Work required
The reply should hold every line of the listing exactly, and none of its images.

Data excerpt
=== Begin Enclosure ===

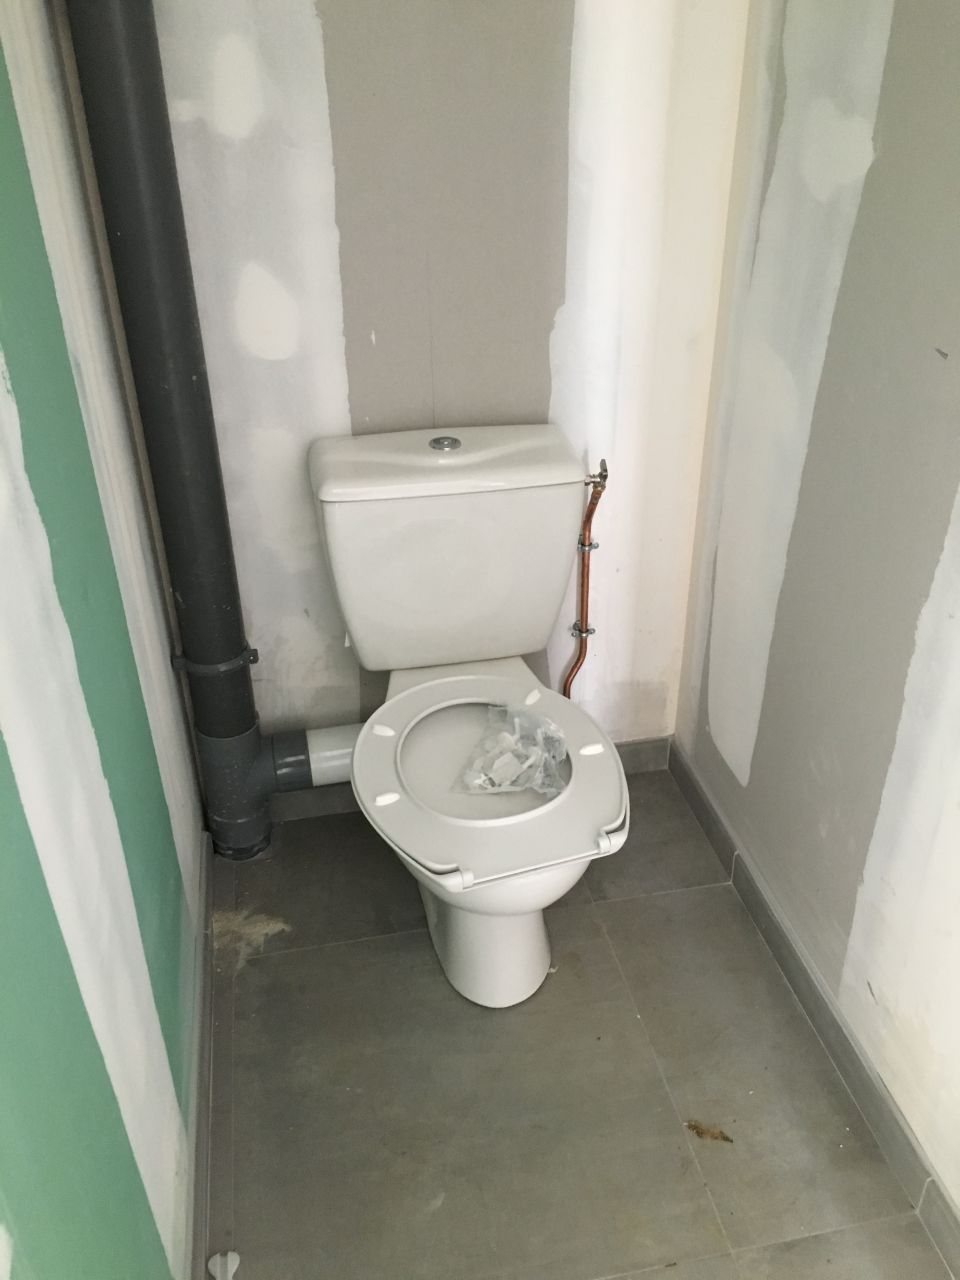 2 WC.... et pourtant un seul et même toilette ?!? 
<br />
en fait petite erreur du plombier ces WC au sol ont été installé alors que j'avais commandé des WC suspendu....

=== End Enclosure ===

Written solution
 2 WC.... et pourtant un seul et même toilette ?!? 
<br />
en fait petite erreur du plombier ces WC au sol ont été installé alors que j'avais commandé des WC suspendu....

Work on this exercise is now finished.